CN217442337U - Novel tube array type efficient energy-saving heat exchanger - Google Patents

Abstract

The utility model relates to a shell and tube heat exchanger field specifically is a novel shell and tube energy-efficient heat exchanger, which comprises a housin, the both sides of casing are provided with head and sealing ring, the inside both ends fixedly connected with tube sheet of casing, baffle and last baffle under the fixedly connected with in the middle of the inside of casing, baffle and the both sides fixedly connected with drainage piece of last baffle down, fixedly connected with tube bank between baffle and the last baffle down. The utility model discloses thereby can reduce the impact of hot-fluid to the baffle increase of service life.

Description

Novel tube array type efficient energy-saving heat exchanger

Technical Field

The utility model relates to a shell and tube heat exchanger field specifically is a novel shell and tube energy-efficient heat exchanger.

Background

A heat exchanger is a device for transferring heat from a hot fluid to a cold fluid to meet specified process requirements, and is an industrial application of convective heat transfer and conductive heat transfer, of which the shell and tube type is one.

In the shell side of the tubular heat exchanger, the hot fluid flows from one end to the other end, and when flowing through the baffle, the hot fluid directly impacts the baffle, so that after repeated use for a long time, the inclination of the baffle is easy to cause, the service life of the whole heat exchanger is shorter than the estimated service life, and in order to replace or maintain, a great deal of time is wasted and the expenditure is increased.

Therefore, a new type of tube still high efficiency energy saving heat exchanger is needed to solve the above problems.

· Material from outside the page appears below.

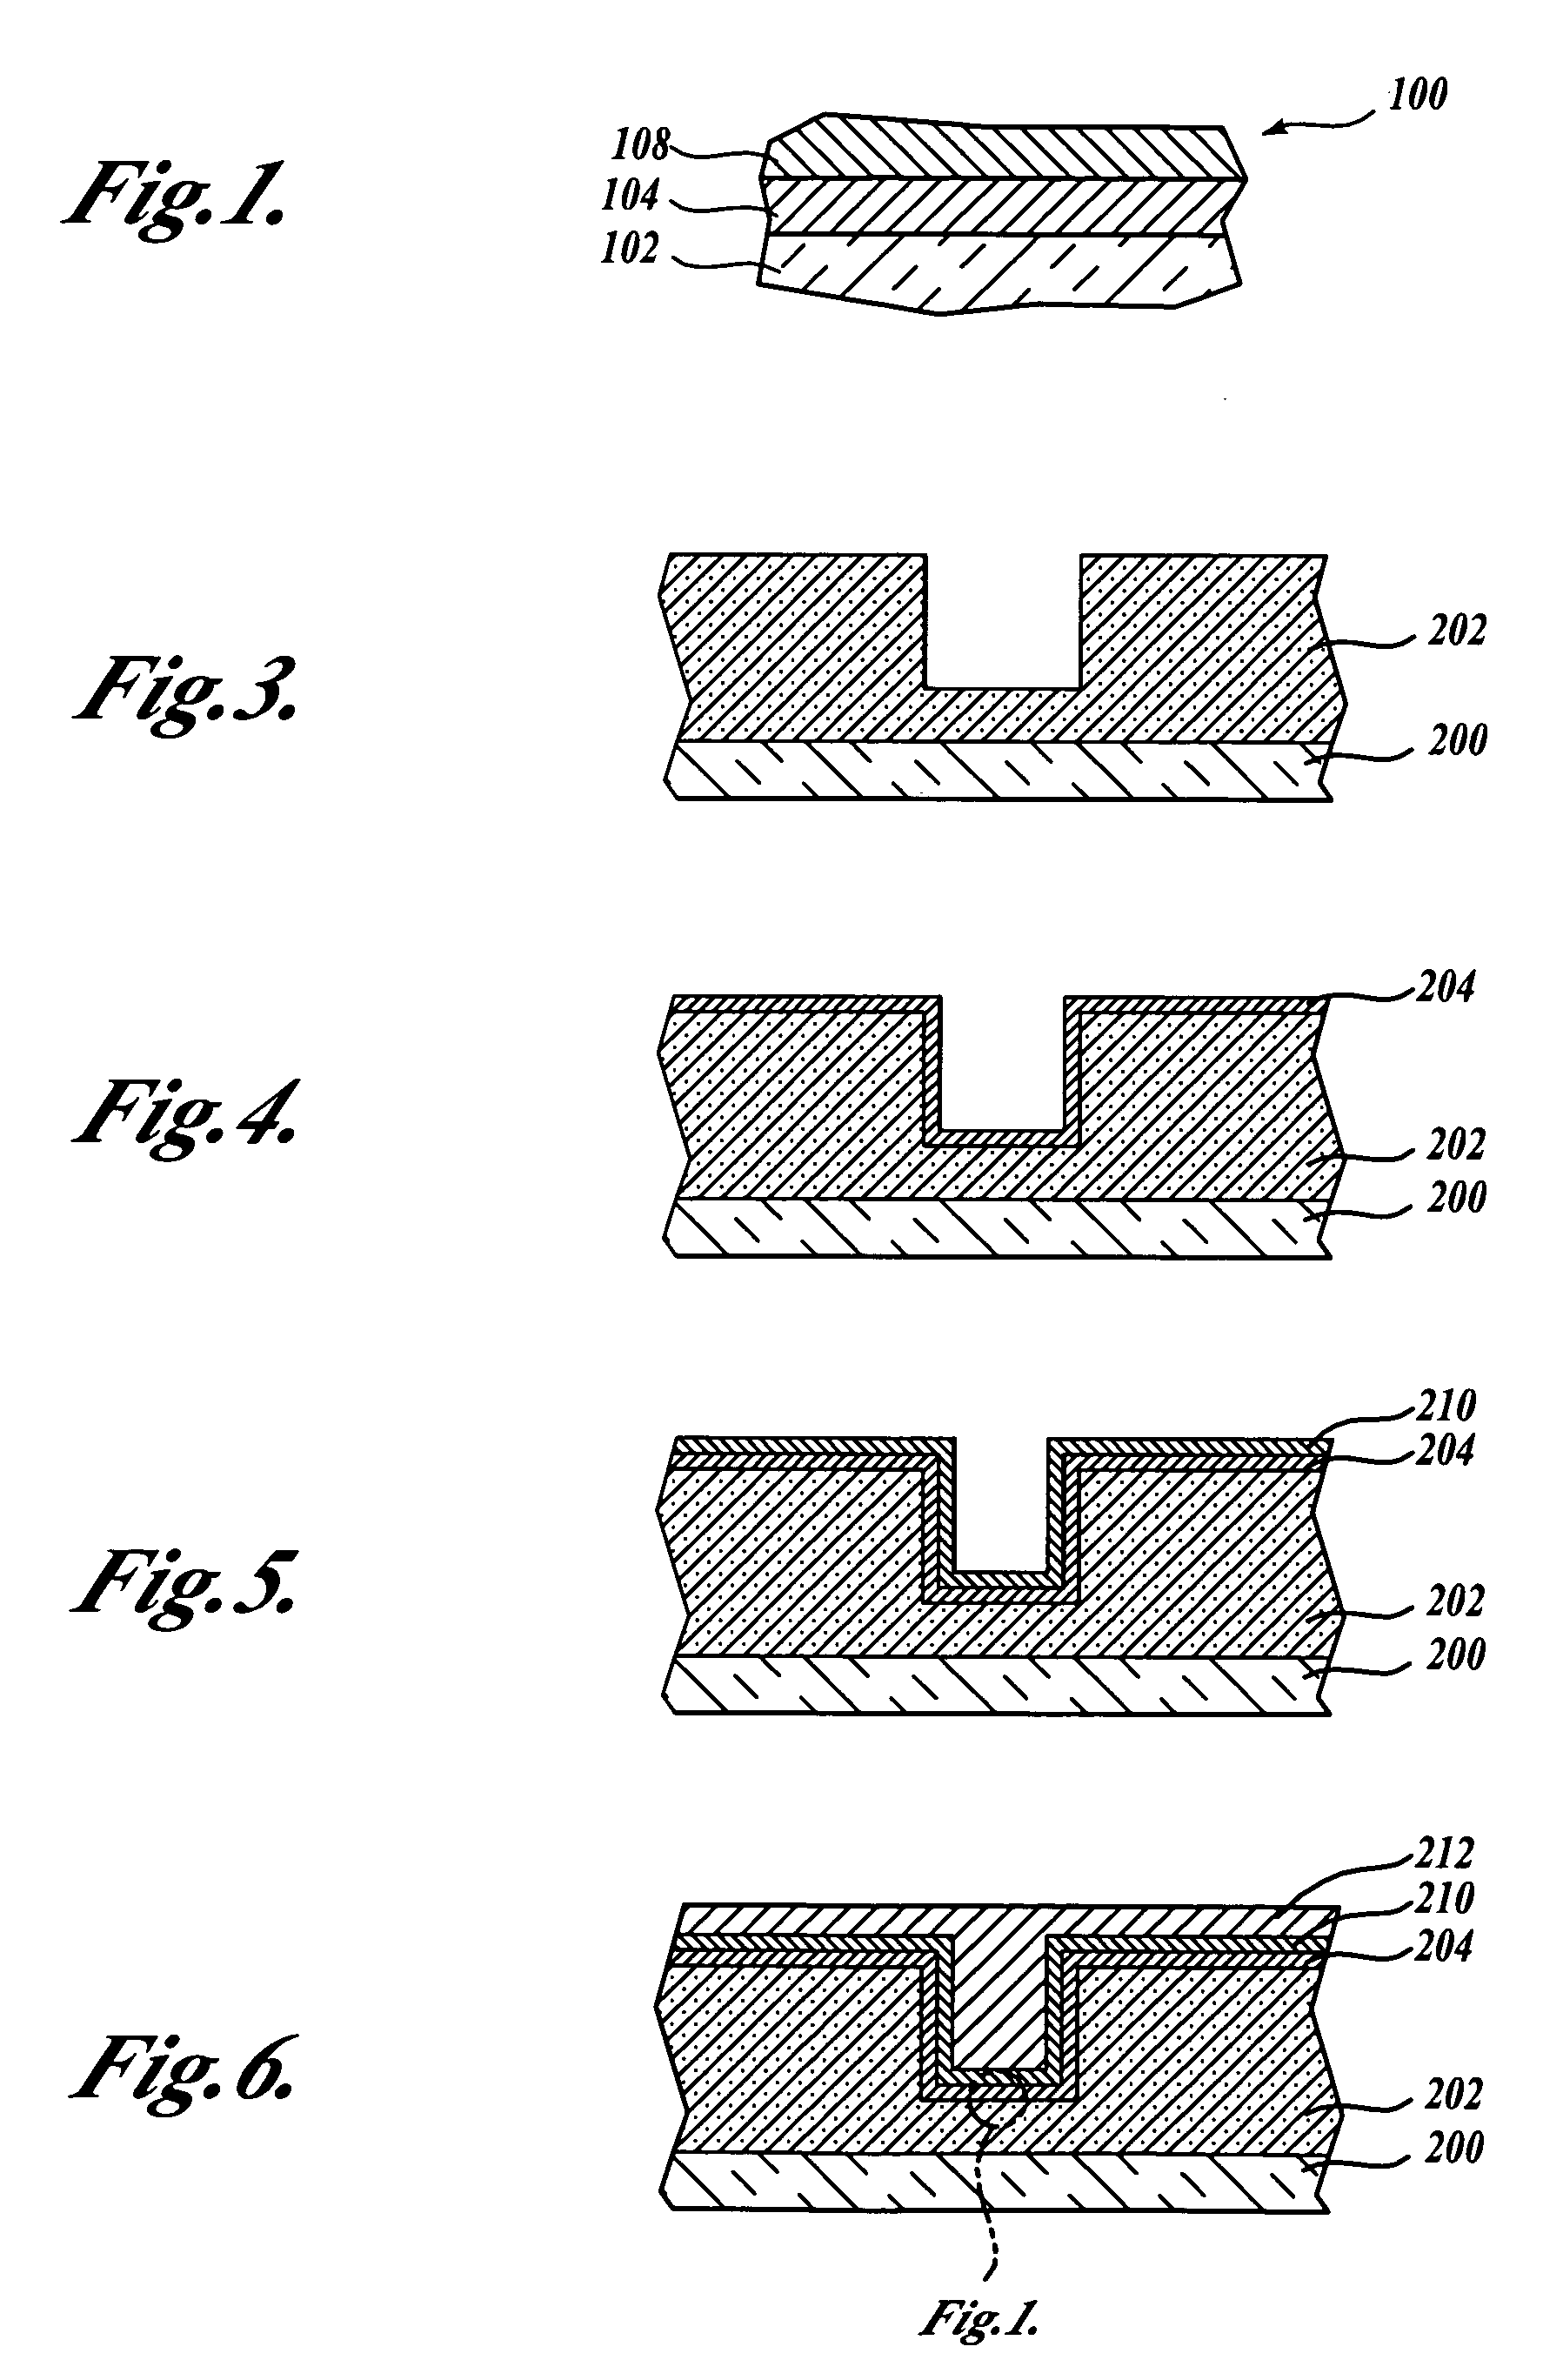 Method for applying metal features onto metallized layers using electrochemical deposition

SUMMERY OF THE UTILITY MODEL

An object of the utility model is to provide a novel shell and tube energy-efficient heat exchanger to the baffle that proposes in solving above-mentioned background is strikeed the easy problem of damaging by the thermal current for a long time.

In order to achieve the above object, the utility model provides a following technical scheme: the utility model provides a novel shell and tube type energy-efficient heat exchanger, includes the casing, the both sides of casing are provided with head and sealing ring, the inside both ends fixedly connected with tube sheet of casing, baffle and last baffle under the fixedly connected with in the middle of the inside of casing, baffle and the both sides fixedly connected with drainage piece of last baffle down, baffle and last baffle between the fixedly connected with tube bank down.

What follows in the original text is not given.